START Source data

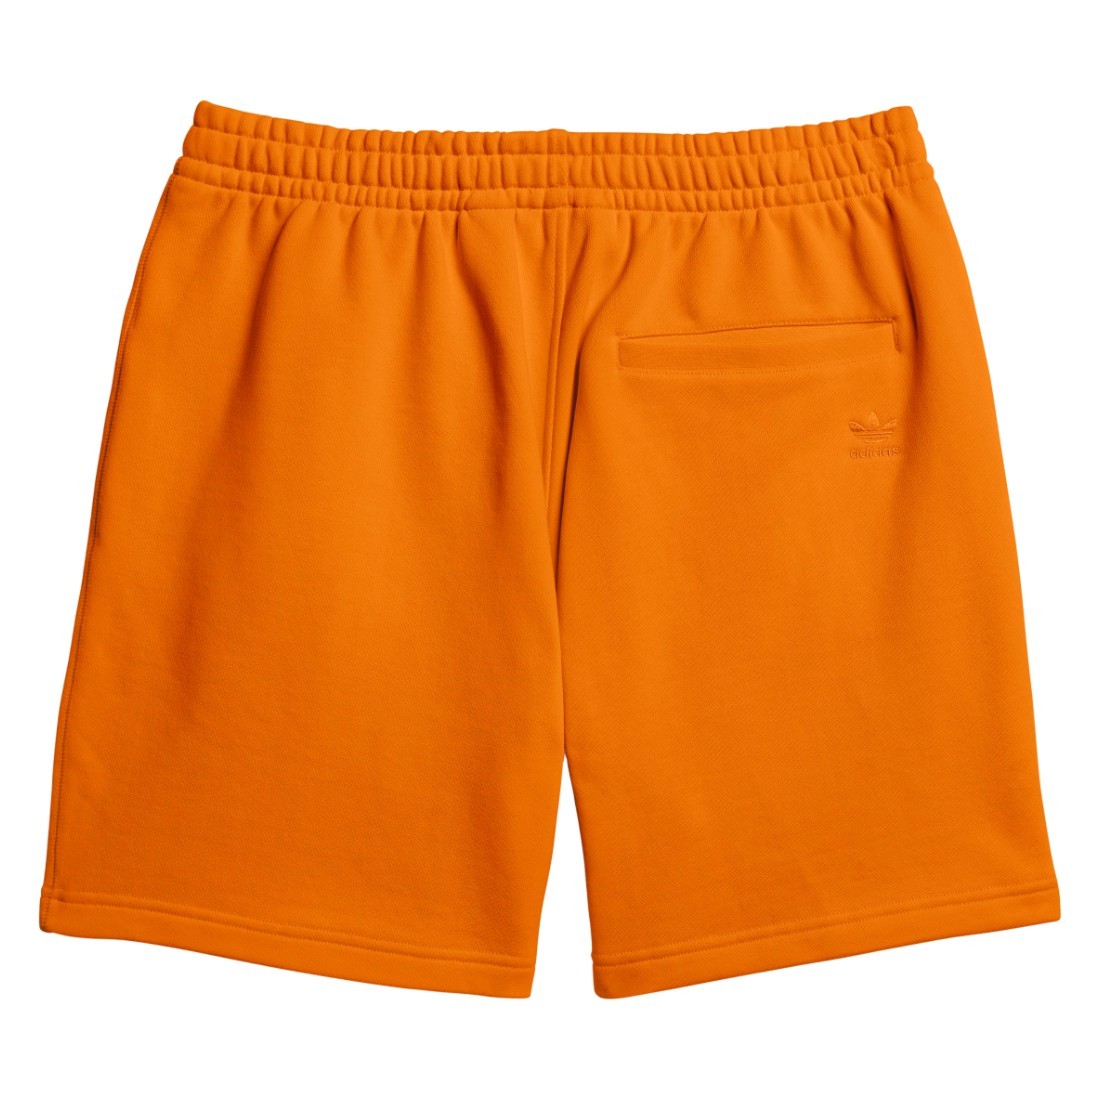 Шорты адидас оранжевые. Adidas шорты оранжевые. Оранжевые шорты подростковые адидас. Оранжевые шорты с панамкой. Basic short
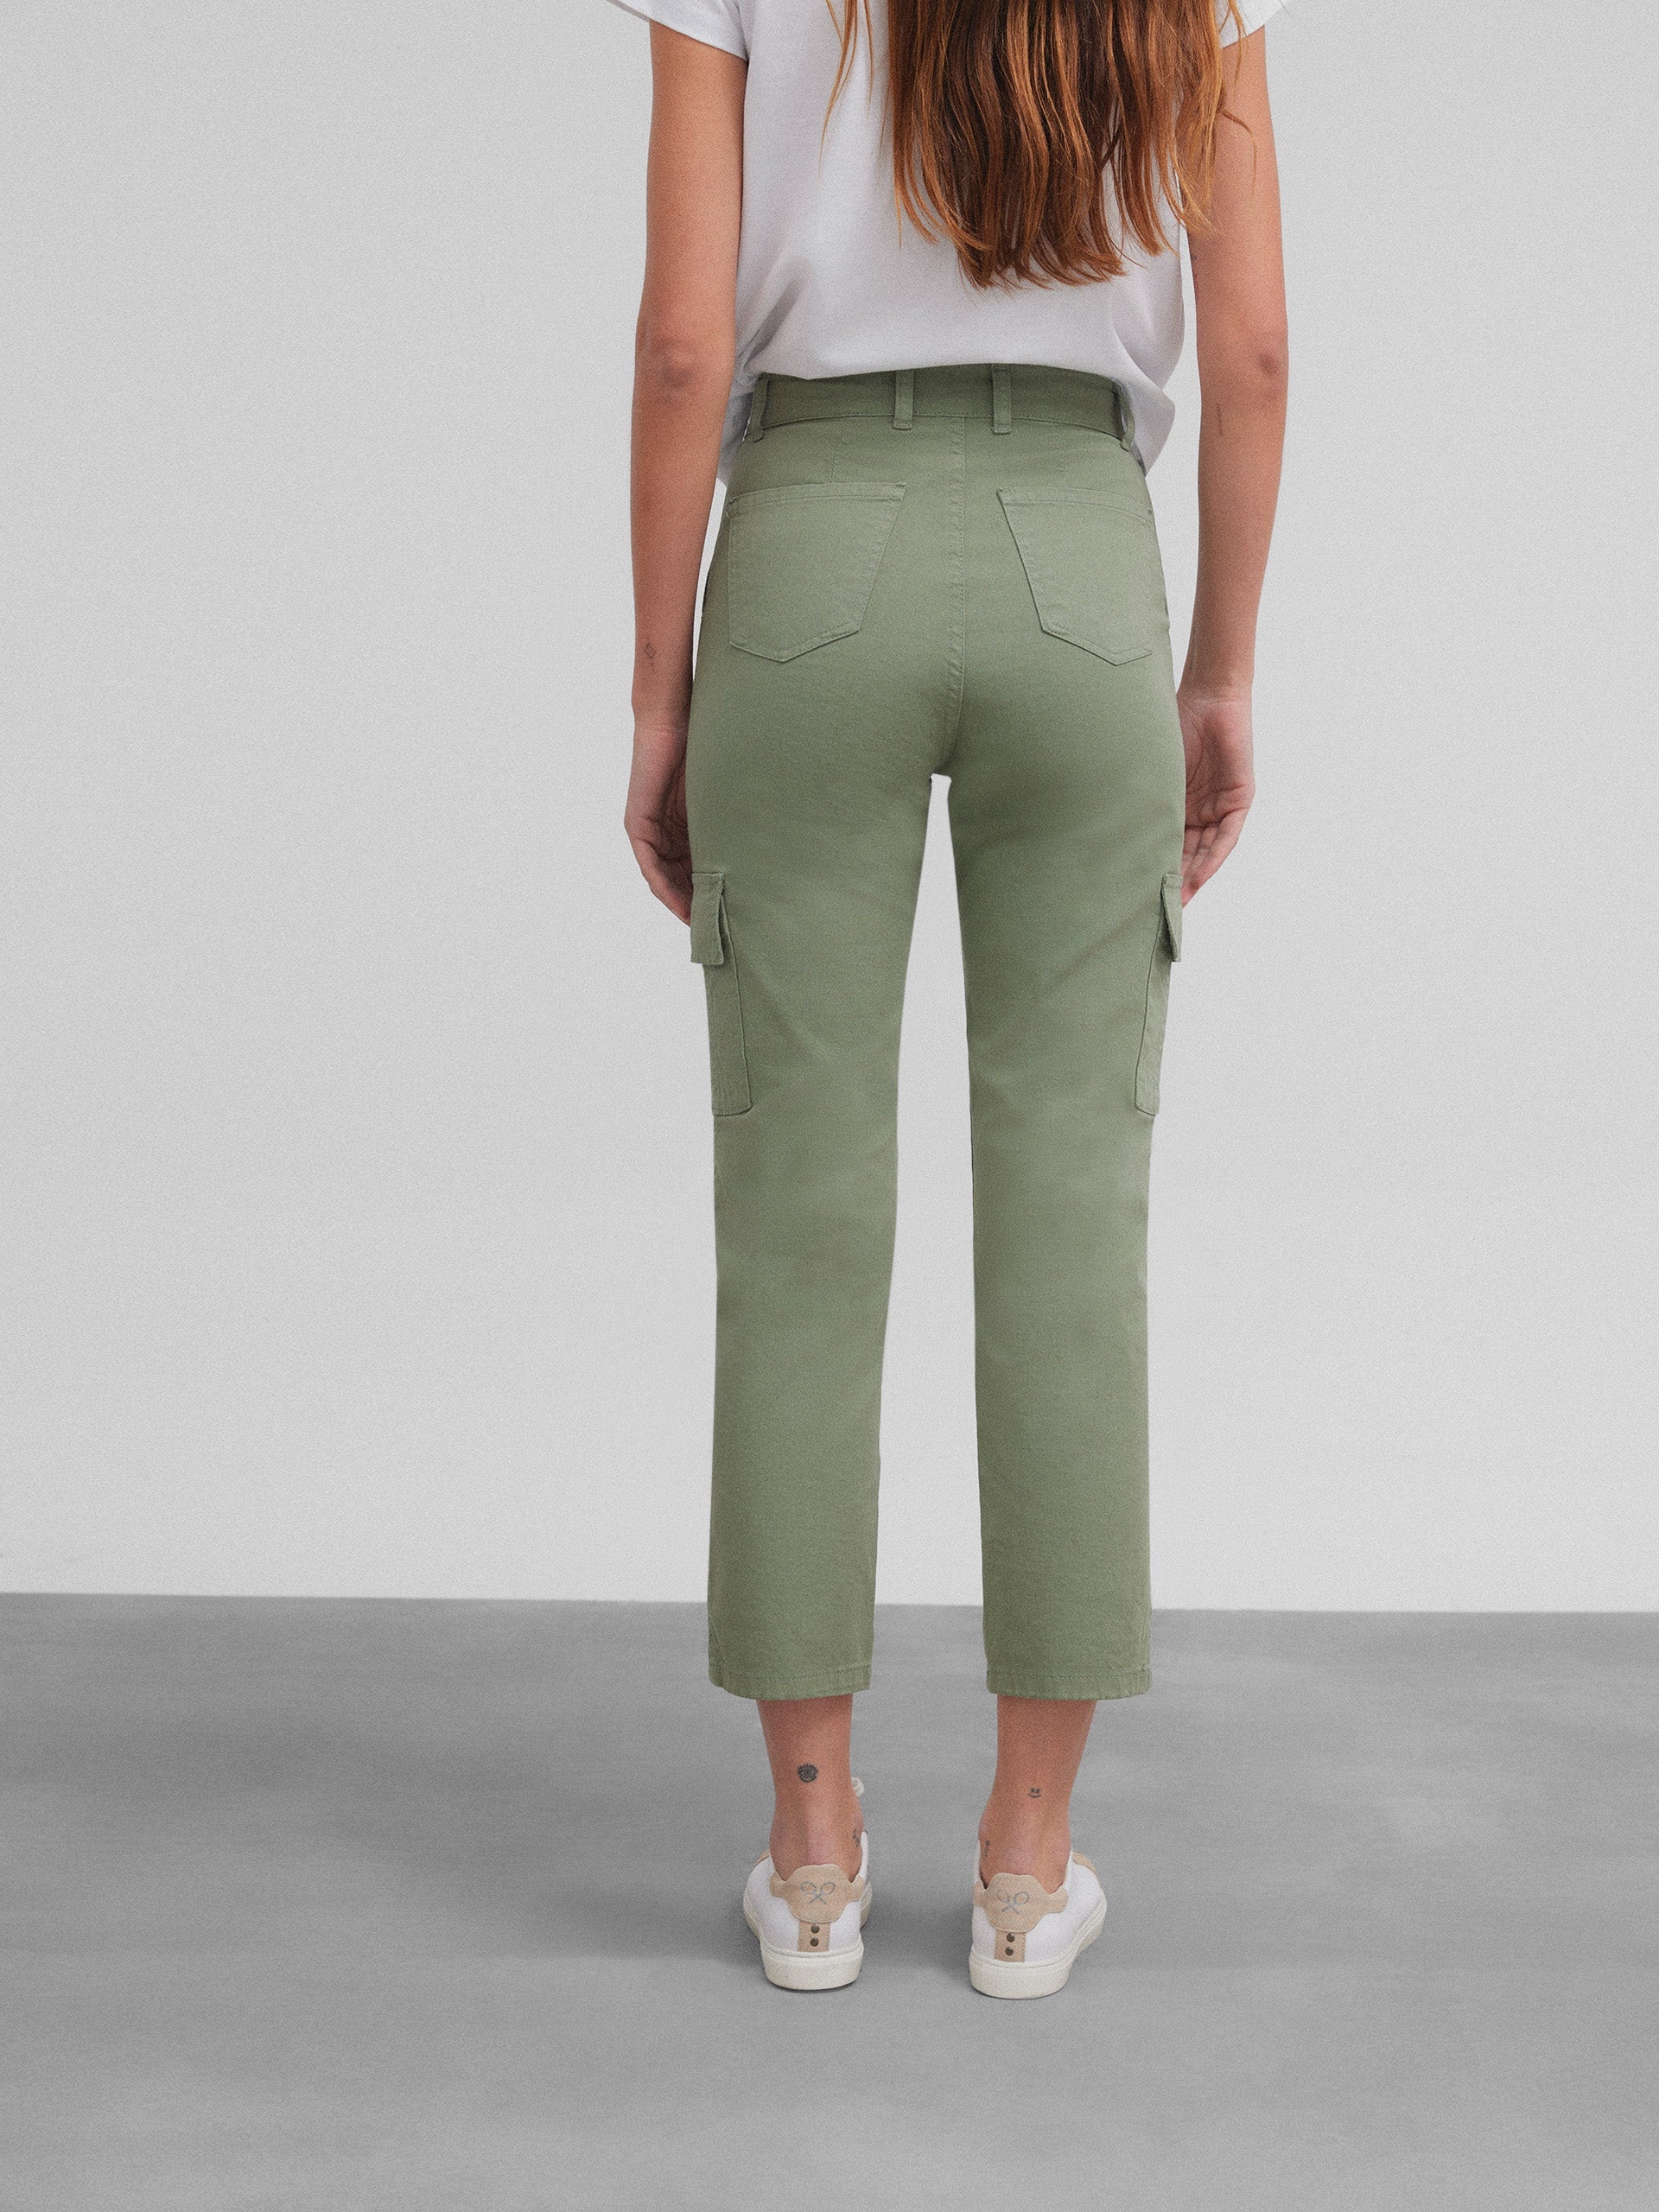 Women's khaki cargo denim pants
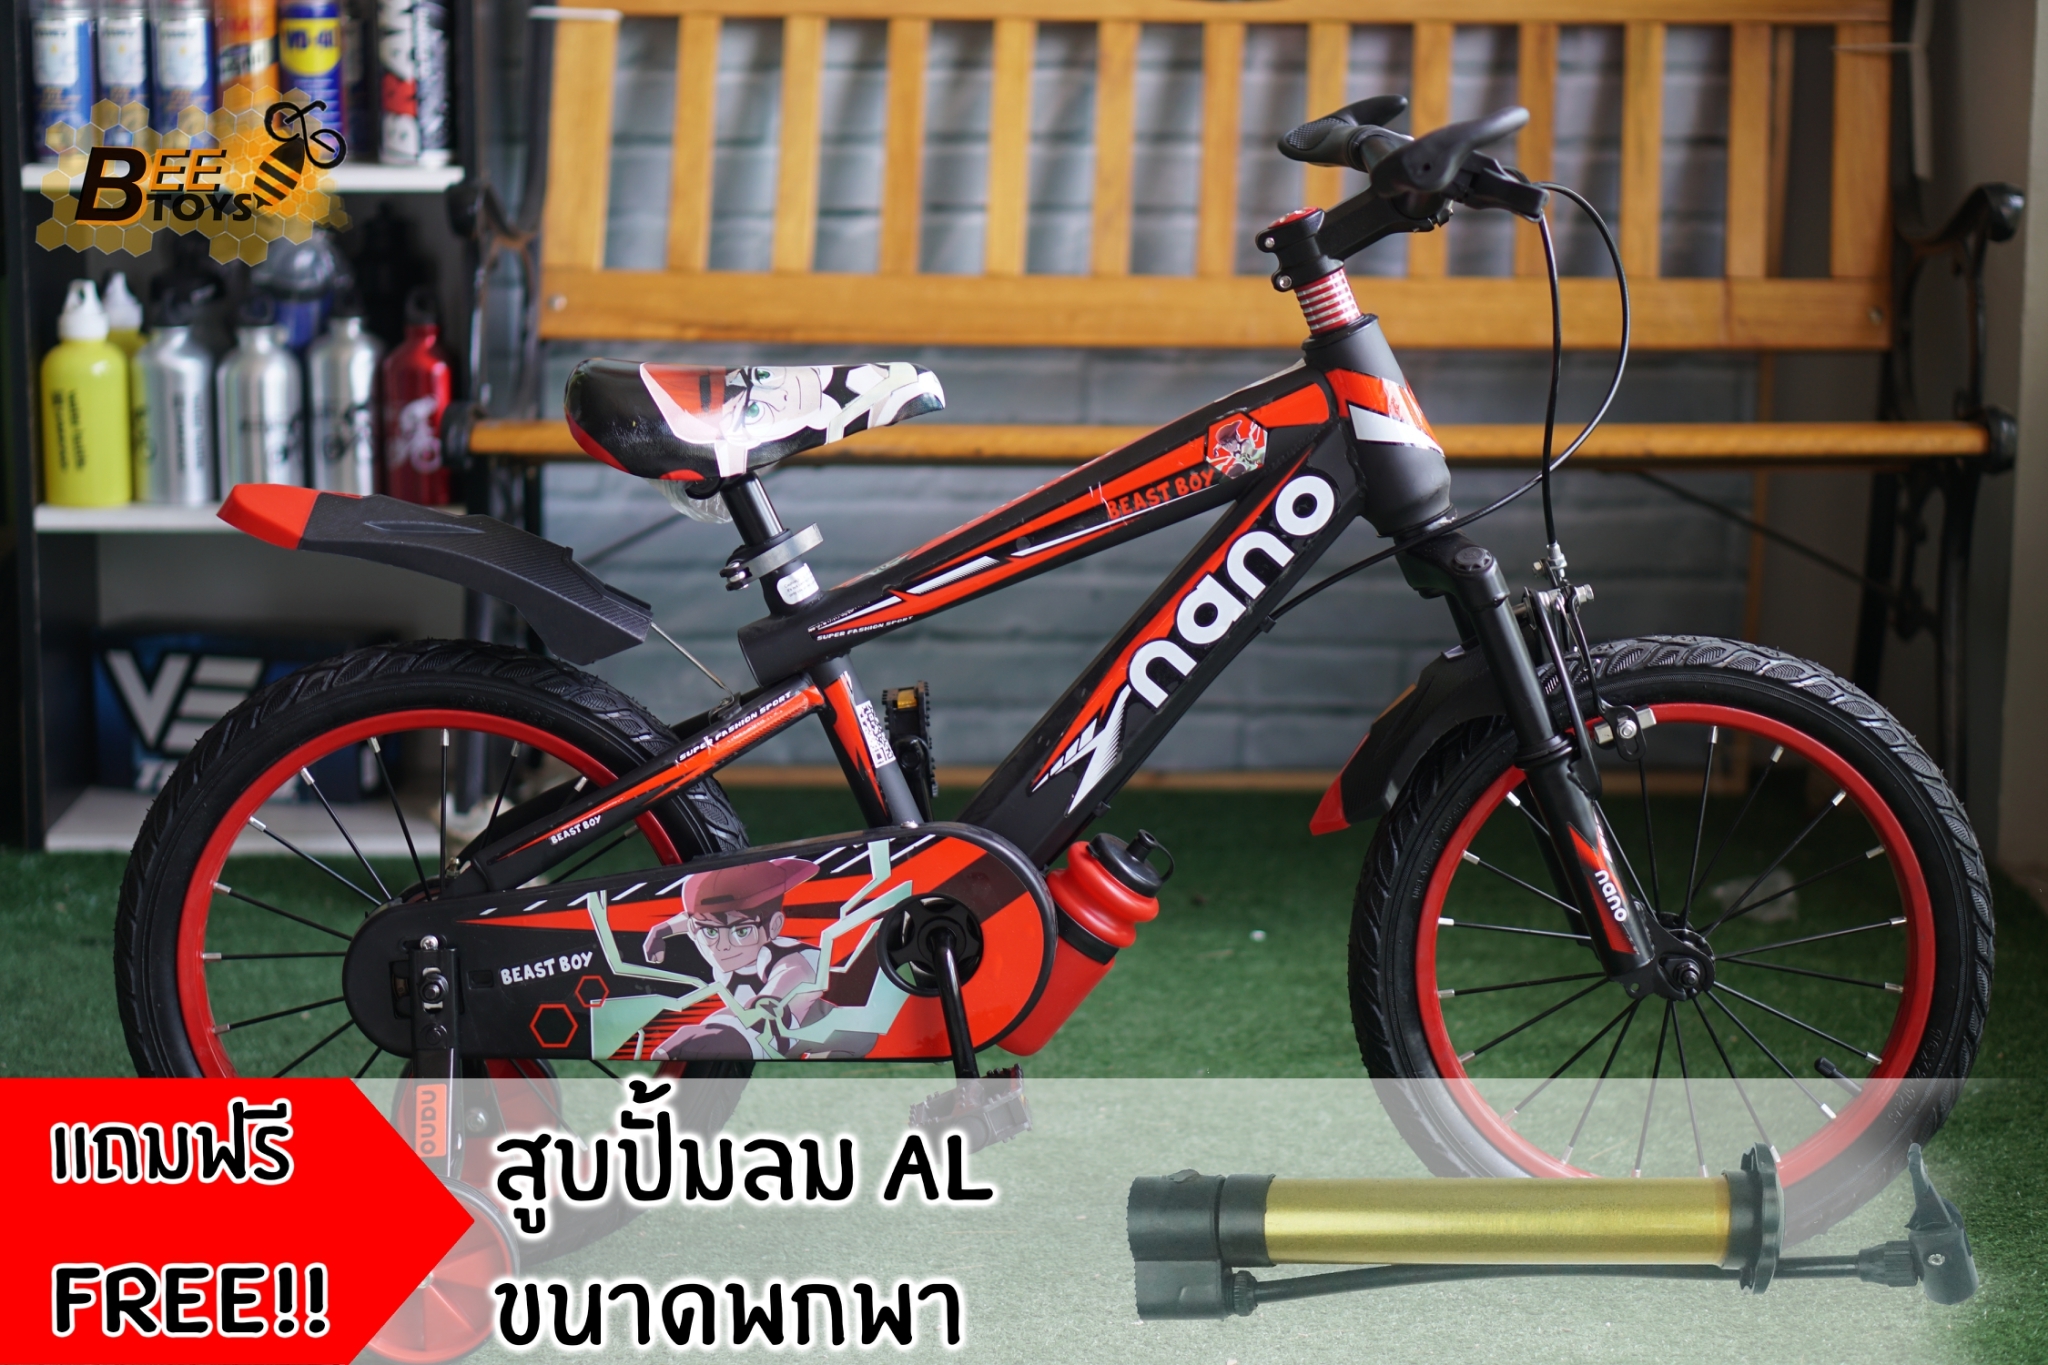 จักรยาน 16 นิ้ว Nano รุ่น Beast Boy ลายเจ้าหนูฮีโร่ โช้คหน้า สำหรับ เด็ก ชาย อายุ 4-7 ขวบ คุณภาพดี ราคาถูก beetoys เก็บเงินปลายทางได้

END Source data

■ Exercise prompt
Every line from the line containing "Women's khaki cargo denim pants" through the last line above is to be printed exactly. Pictures are not copied.

■ The answer
 Women's khaki cargo denim pants
 จักรยาน 16 นิ้ว Nano รุ่น Beast Boy ลายเจ้าหนูฮีโร่ โช้คหน้า สำหรับ เด็ก ชาย อายุ 4-7 ขวบ คุณภาพดี ราคาถูก beetoys เก็บเงินปลายทางได้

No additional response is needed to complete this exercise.